Rotate velocity or other vector fields between coordinate systems:

from fesomp.mesh import vec_rotate_r2g, vec_rotate_g2r

# Euler angles
alpha, beta, gamma = 50, 15, -90

# Coordinates where vectors are defined
lon = np.array([10.0, 20.0, -30.0])
lat = np.array([45.0, -30.0, 60.0])

# Vector components in rotated coordinates
u_rot = np.array([1.0, 2.0, -1.0])  # eastward component
v_rot = np.array([0.5, -0.5, 1.5])  # northward component

# Rotate vectors to geographical coordinates
# flag=1 means lon/lat are in geographical coordinates
# flag=0 means lon/lat are in rotated coordinates
u_geo, v_geo = vec_rotate_r2g(alpha, beta, gamma, lon, lat, u_rot, v_rot, flag=1)

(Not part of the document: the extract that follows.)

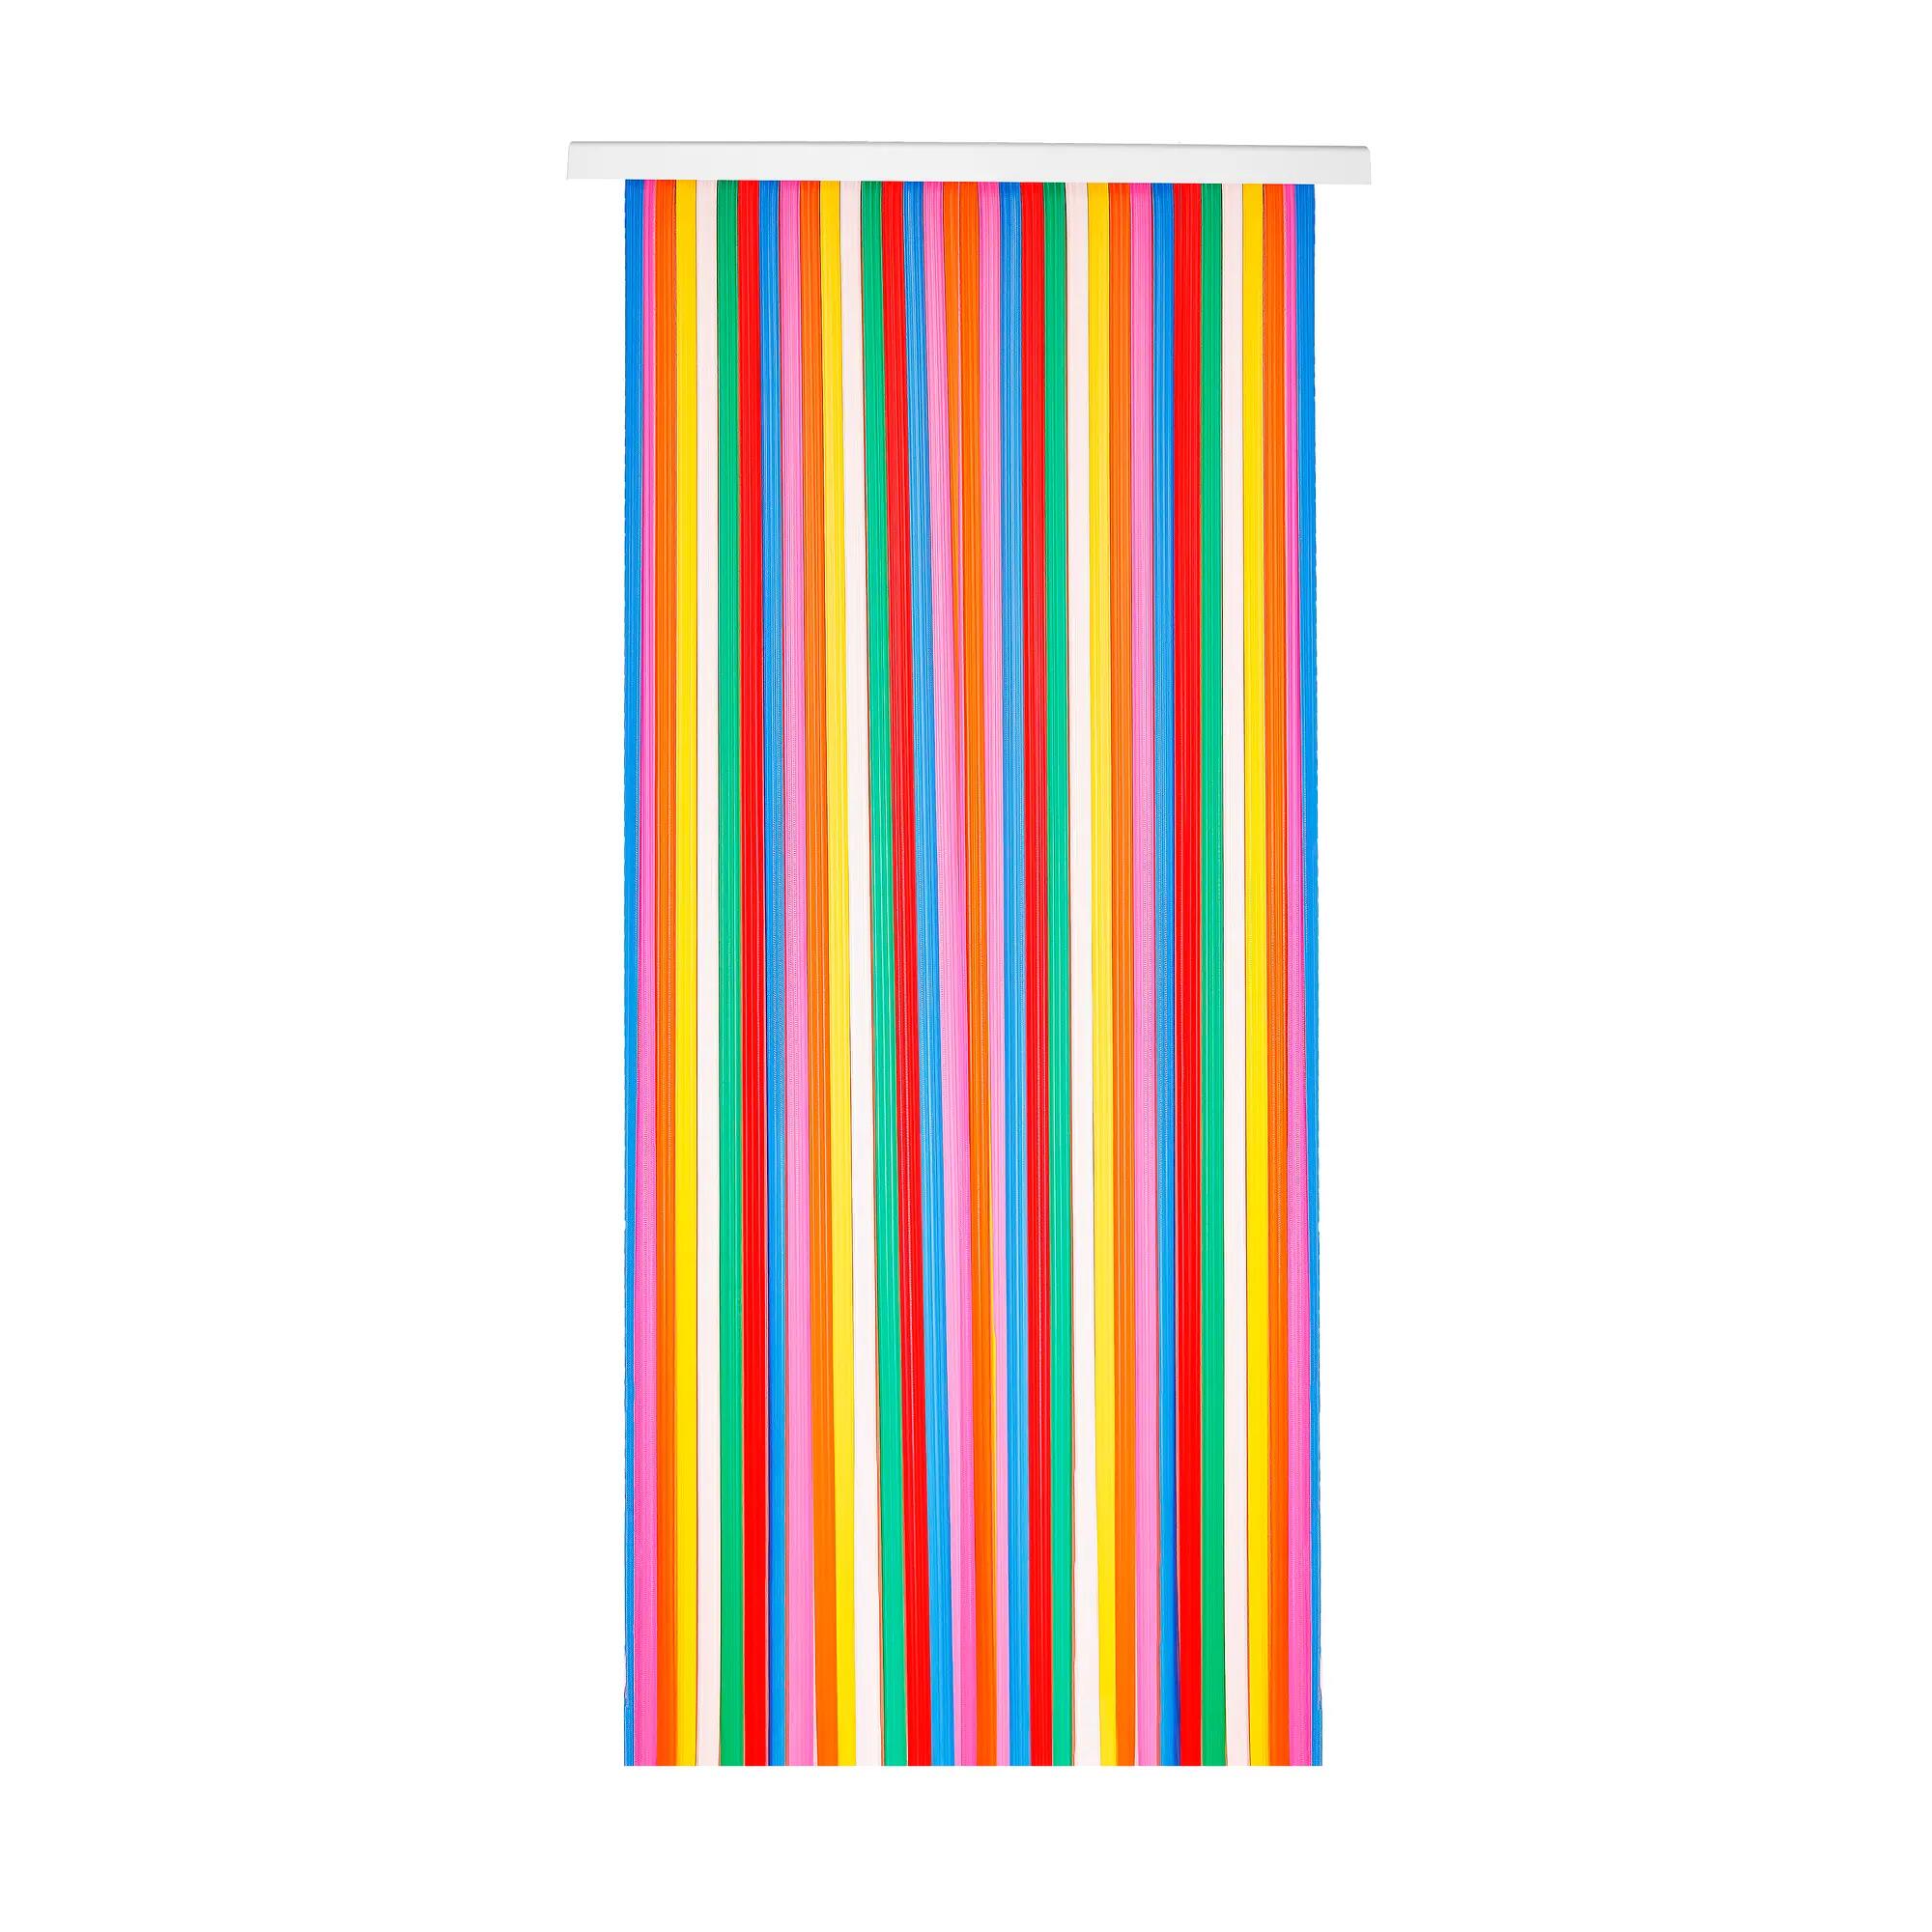 Cortina de puerta con motivo rayas pvc mijares multicolor de 120x210 cm

# Rotate vectors from geographical to rotated coordinates
u_rot_back, v_rot_back = vec_rotate_g2r(alpha, beta, gamma, lon, lat, u_geo, v_geo, flag=1)

The flag parameter specifies the coordinate system of the input lon/lat:

  • flag=1: lon/lat are in geographical coordinates

  • flag=0: lon/lat are in rotated coordinates

The functions will automatically compute the coordinates in the other system as needed.